2025.10.29
 
2025年10月29日、住友商事株式会社は、グループのITサービス大手であるSCSK株式会社を完全子会社化すると発表しました。

同社が100%出資するSCインベストメンツ・マネジメント株式会社を通じて公開買付け(TOB)を実施し、保有していない約49.5%の株式を取得します。買付価格は1株あたり5,700円で、直近株価に約34%のプレミアムを上乗せ。買収総額は約8,820億円に達する見込みです。TOB期間は2025年10月30日〜12月12日の予定で、成立すればSCSKは上場廃止となります。

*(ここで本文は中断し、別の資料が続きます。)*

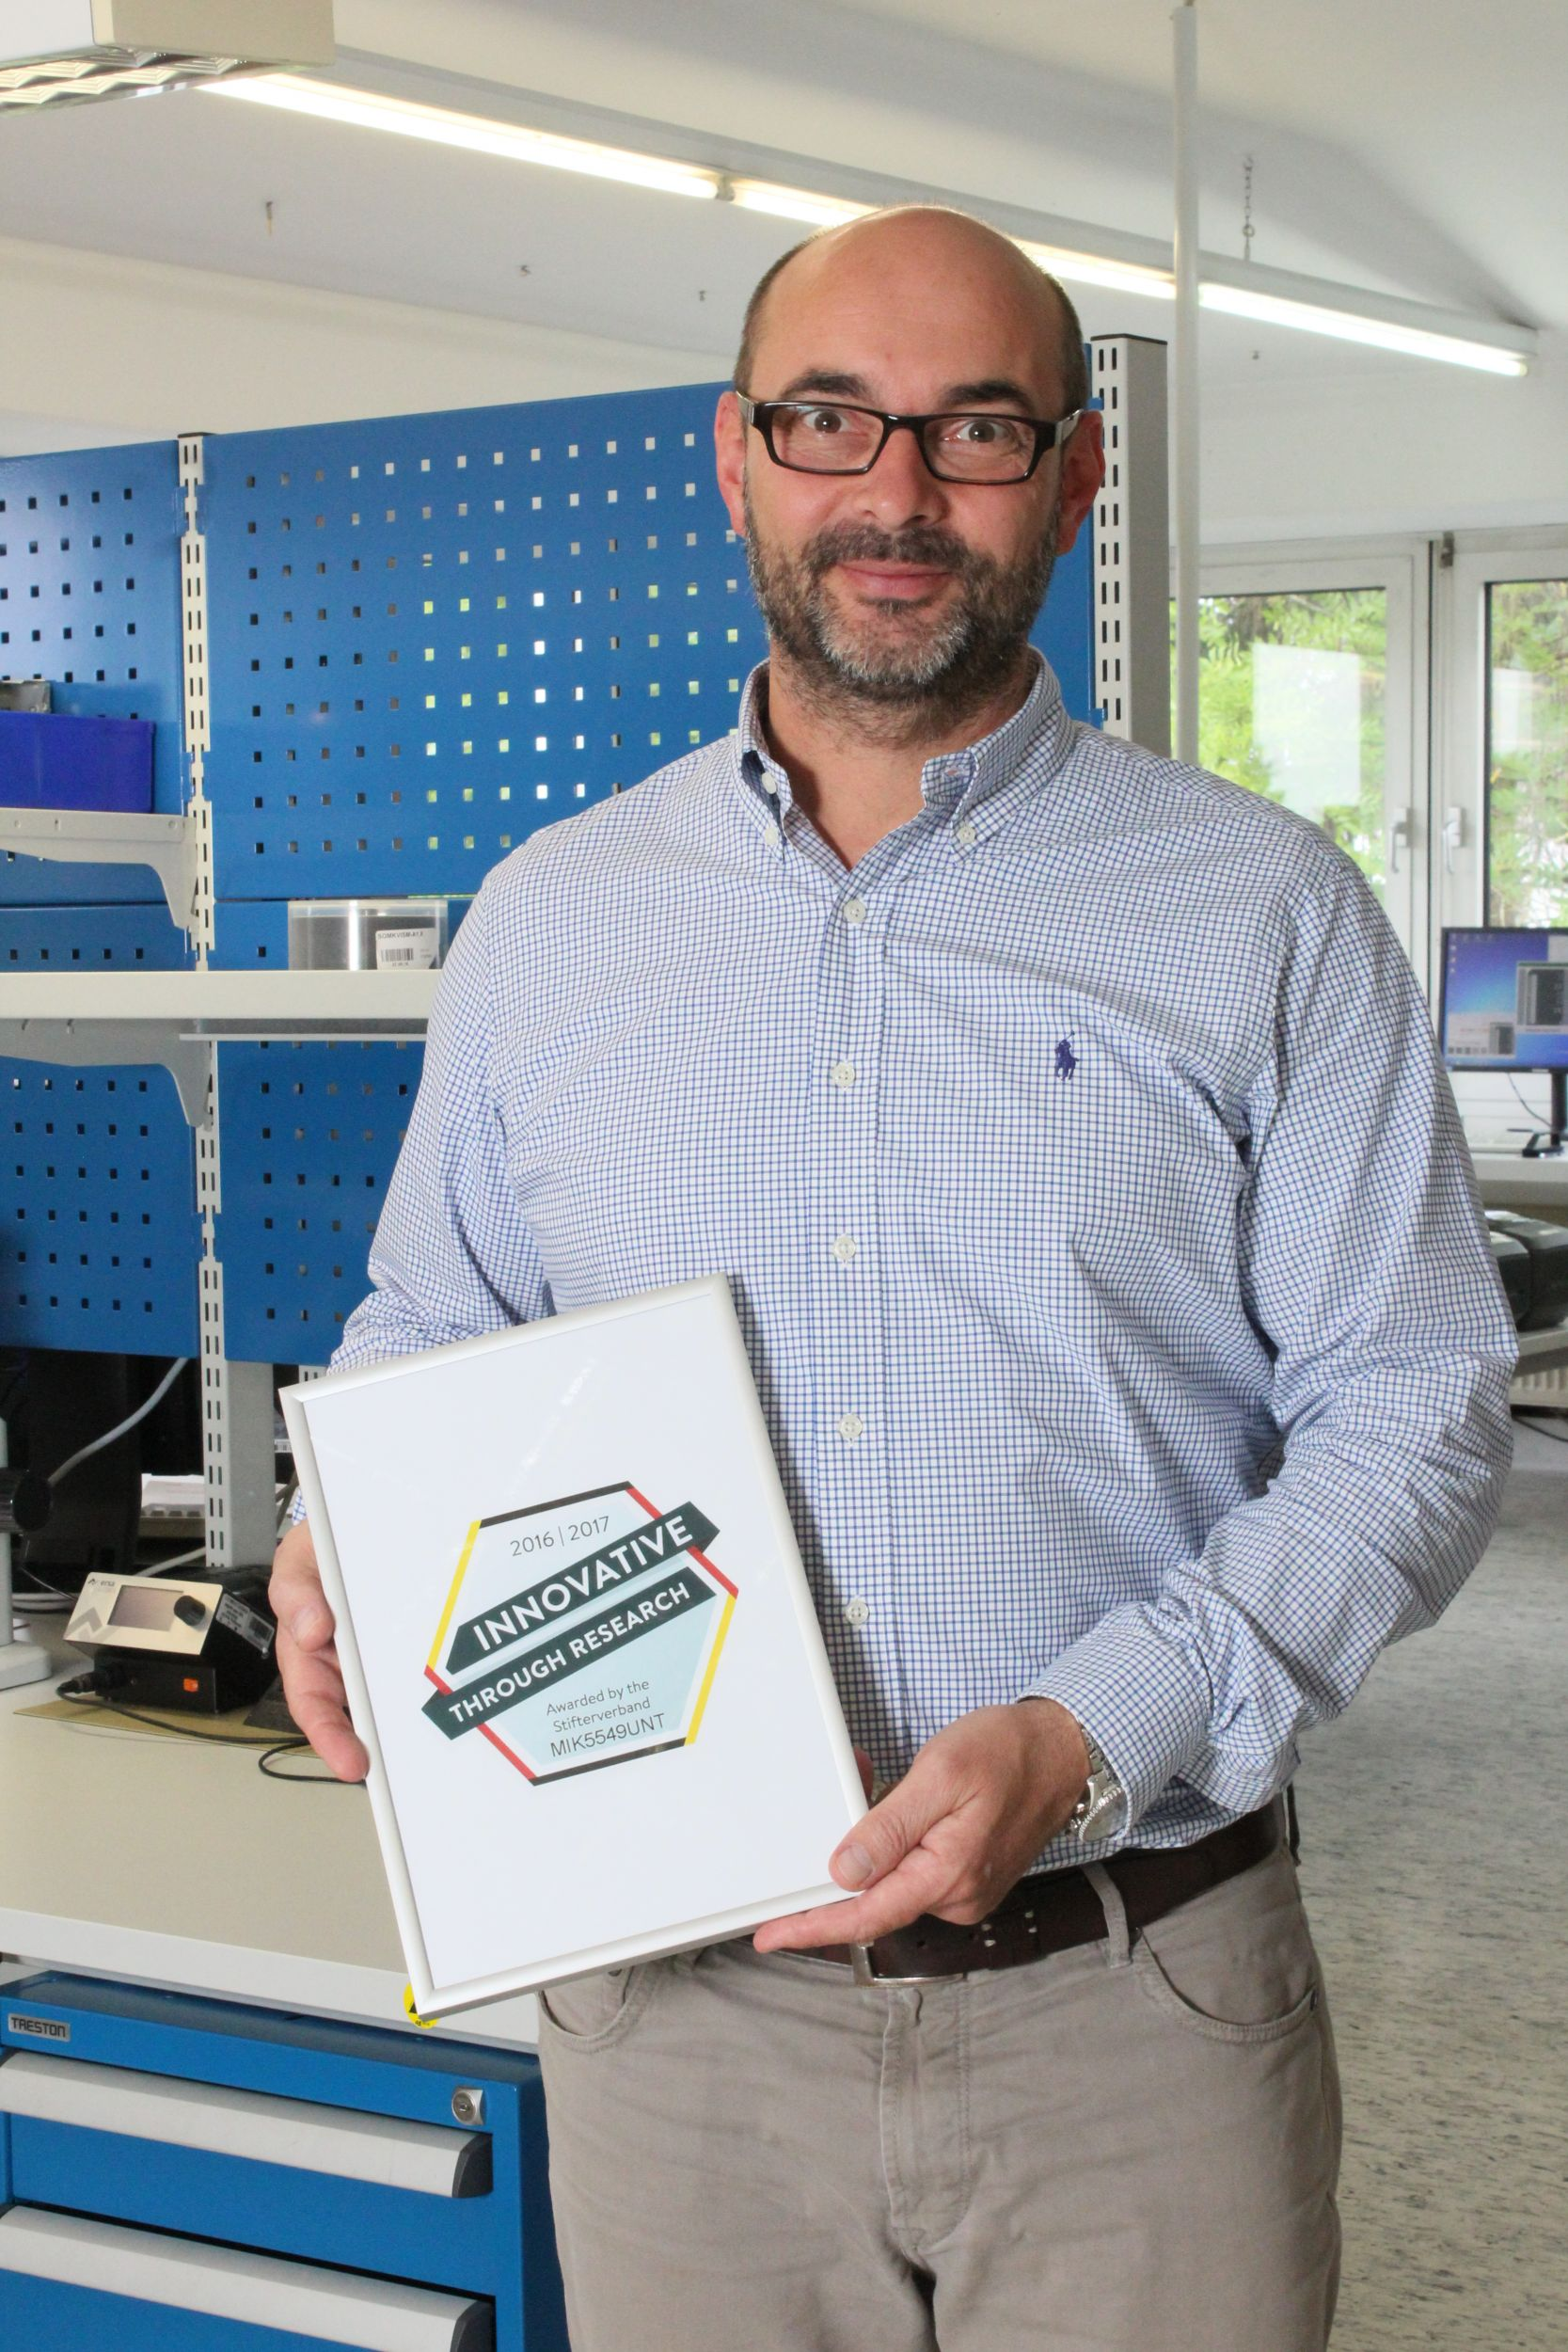 Innovationspreis für Mikrotron

このM&Aは、住友商事がAI・デジタル領域での事業競争力を強化するための大きな一歩とされています。

買収の背景:商社×ITのシナジーを最大化
住友商事:脱資源型ビジネスへの転換
住友商事は総合商社としてエネルギー・資源・金属など多岐にわたる事業を展開してきましたが、近年は**「脱資源依存」を掲げ、非資源分野の拡大を重視しています。特に、AI・データ活用・クラウド技術を駆使したDX(デジタルトランスフォーメーション)戦略**を中核に据えており、SCSKとの連携強化はその重要施策の一つです。

SCSK:ITソリューションの中核企業
一方、SCSKはシステム開発・インフラ構築・BPOサービスなどを手がける総合IT企業で、住友商事が50年以上育ててきたグループの中核企業です。約1万社の取引先を持ち、ソフトウェア開発やクラウドサービス、AI導入支援など幅広い領域で実績を持っています。また、ネットワーク大手「ネットワンシステムズ」の買収など、近年はIT基盤強化を加速していました。

M&Aの目的:AI・デジタル人材・データを統合
今回の完全子会社化の最大の目的は、グループ全体のデジタル戦略を一体化し、AIを中心とした新事業開発を加速することです。
  • SCSKのAI・クラウド・システム開発ノウハウを住友商事グループ全体に展開
  • 商社としての幅広い事業ネットワークとデータ資産を活用し、新たな価値を創出
  • 各事業部門での業務改革・生産性向上を支援
  • グローバル市場でも通用するデジタルソリューション企業体制の構築
住友商事社長は発表の中で「生成AIの進化はビジネスのあり方を根本から変えている。両社の技術と知見を融合し、社会課題の解決に貢献したい」とコメントしています。

買収条件
  • 買付方式:公開買付け(TOB)
  • 買付主体:SCインベストメンツ・マネジメント株式会社(住友商事100%子会社)
  • 買付価格:1株あたり5,700円
  • プレミアム率:約34%
  • 買収総額:約8,820億円
  • 買付期間:2025年10月30日〜12月12日
  • 資金調達方法:ブリッジローンを利用し、後に社債・長期借入金へ転換
  • 完全子会社化手法:TOB成立後、株式併合によるスクイーズアウト

日程
2025年10月29日:M&A公表
2025年10月30日〜12月12日:公開買付け期間
2026年2月頃(予定):SCSK臨時株主総会(株式併合議案)
2026年春頃(予定):上場廃止・完全子会社化完了

今後の展望:商社グループのDX推進をリード
今回の完全子会社化により、住友商事は「商社×IT」という独自のシナジーモデルをさらに強化します。AI・IoT・データ分析などの先端技術を用い、製造業・物流・金融などグループ各分野の効率化を推進。SCSKはこれまでの顧客基盤を維持しつつ、住友商事のグローバルネットワークを活用し、日本発の総合デジタルソリューション企業として新たな成長フェーズに入ると見られます。

まとめ
住友商事によるSCSKの完全子会社化は、単なるグループ再編ではなく、AIを中心とした次世代事業戦略の起点といえる動きです。AI時代を見据えた企業のM&A戦略として、今後の他業界への影響にも注目が集まります。